**DATASET CONTENT:**

-------------------------

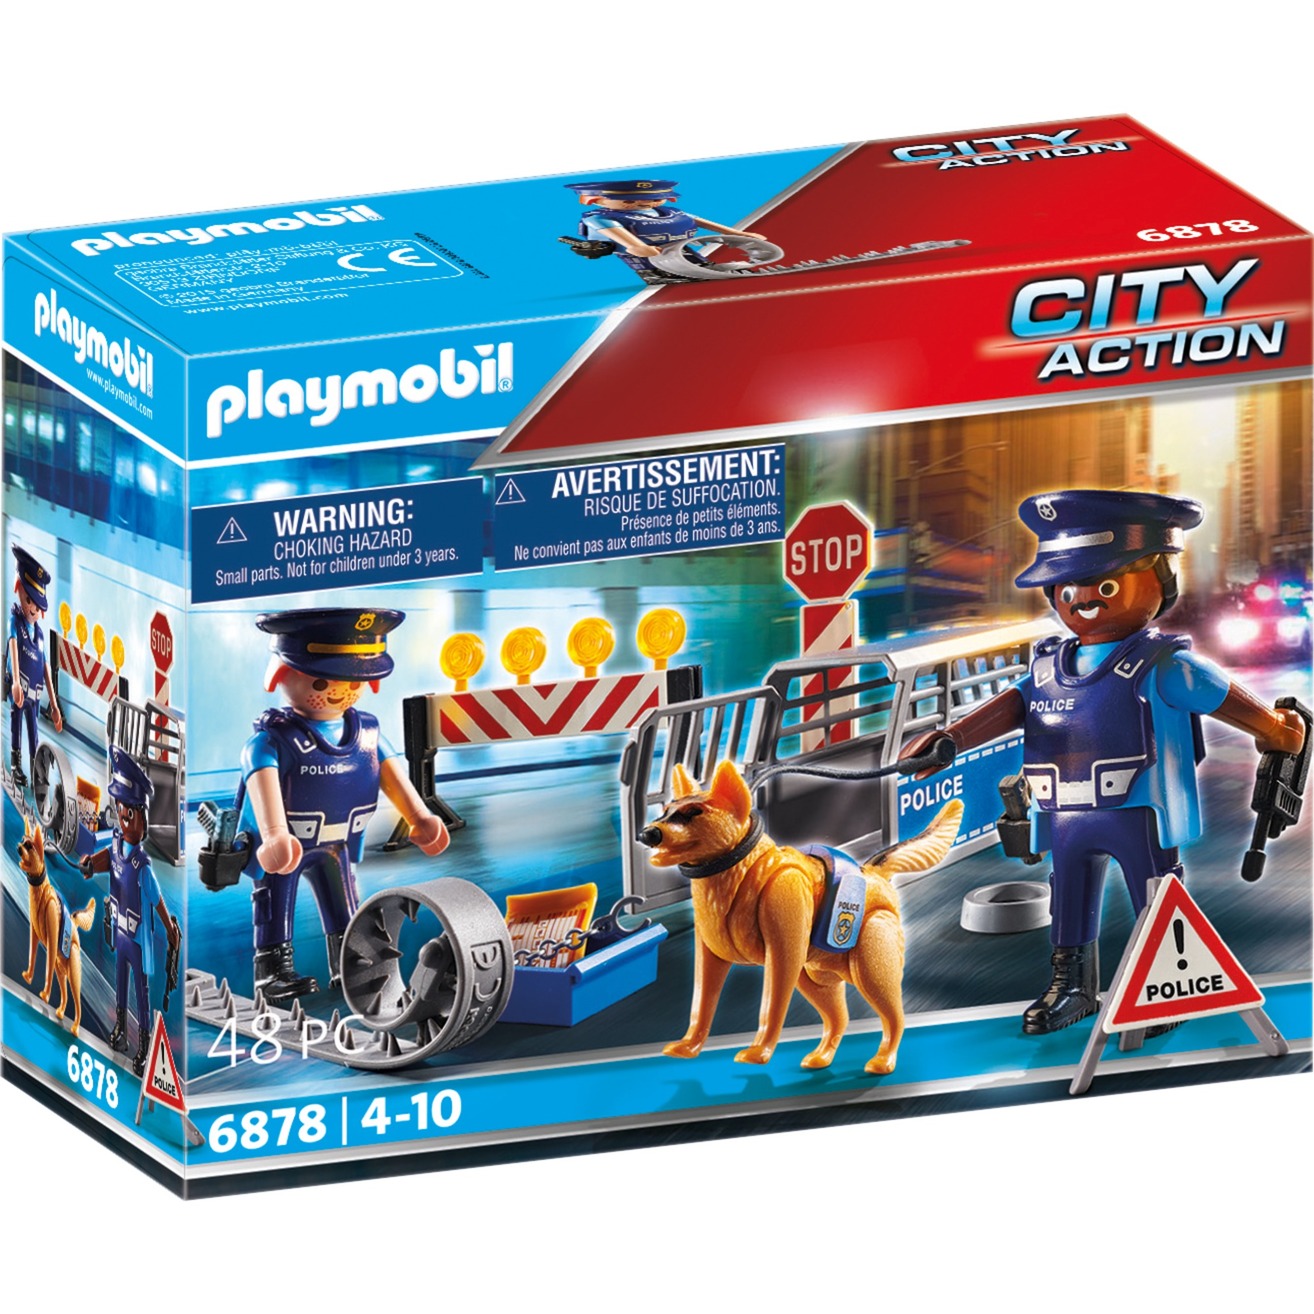 Spielzeug: PLAYMOBIL 6878 City Action - Polizei-Straßensperre
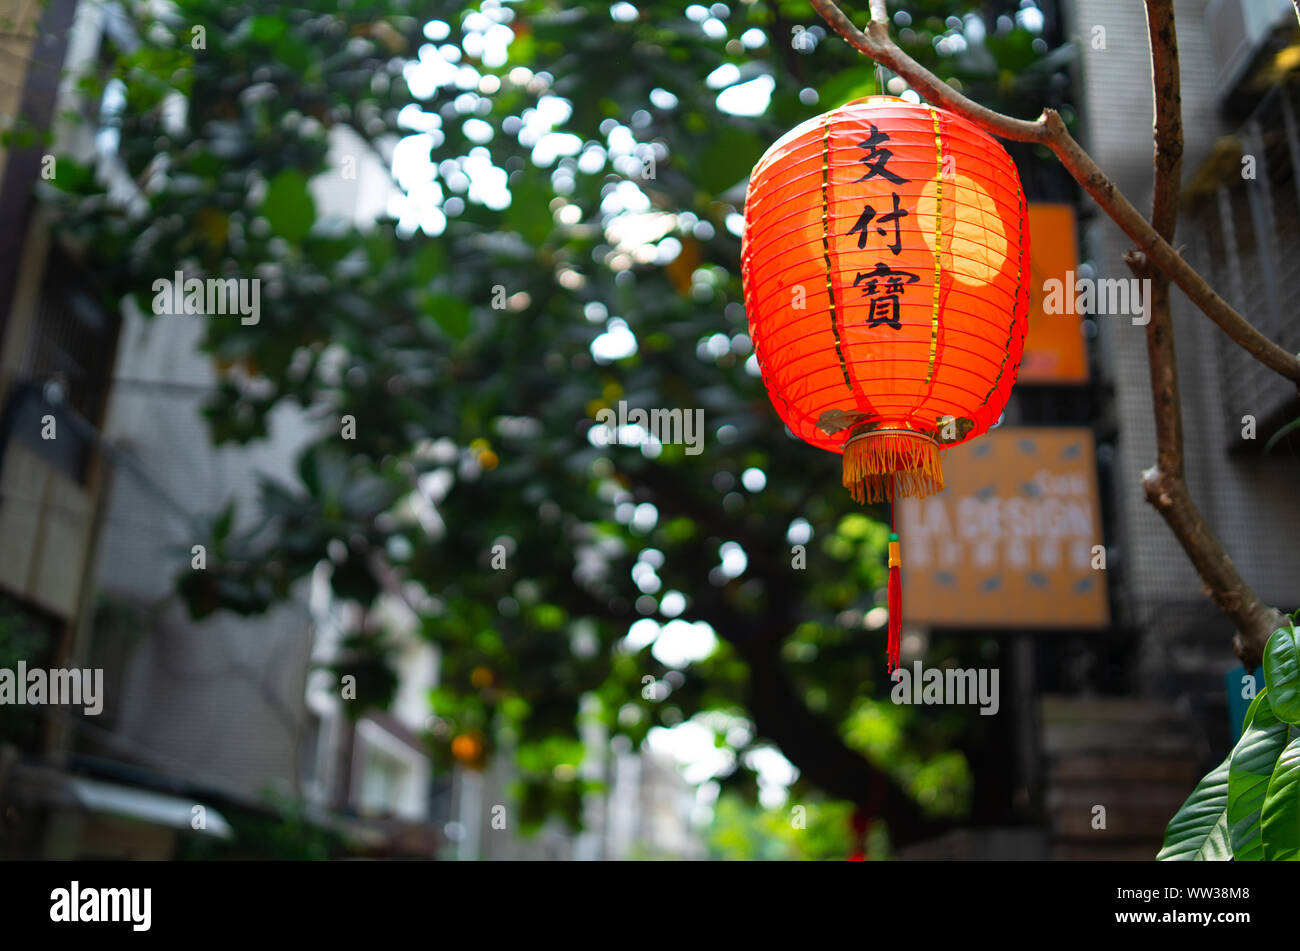 Taipei, Taiwan: Traditionelle japanische Laterne mit japanischen Schrift hängen an Restaurant am Bürgersteig in kleine Straße mit verschwommenen Hintergrund Stockfoto
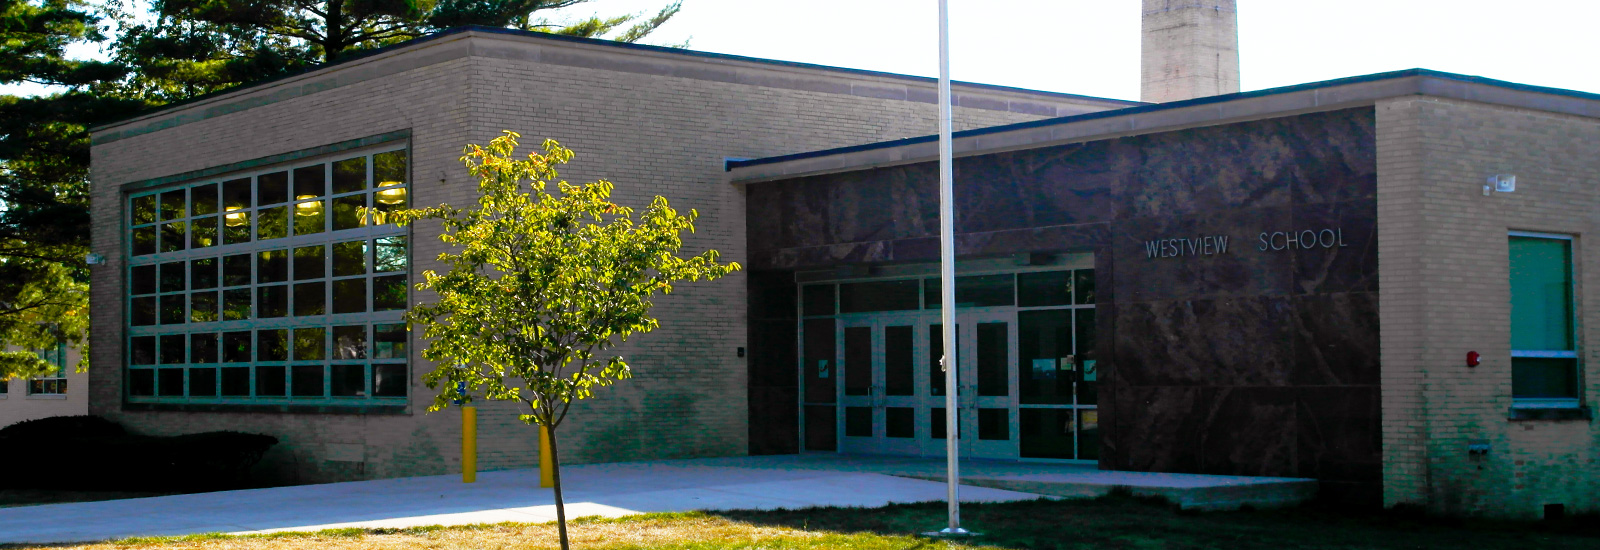 westview elementary school

-------------------------

**DIRECTIONS FOR THIS TASK:**
Take the listing above and restate it word for word, without its pictures.

**TASK SOLUTION:**
 Spielzeug: PLAYMOBIL 6878 City Action - Polizei-Straßensperre
 Taipei, Taiwan: Traditionelle japanische Laterne mit japanischen Schrift hängen an Restaurant am Bürgersteig in kleine Straße mit verschwommenen Hintergrund Stockfoto
 westview elementary school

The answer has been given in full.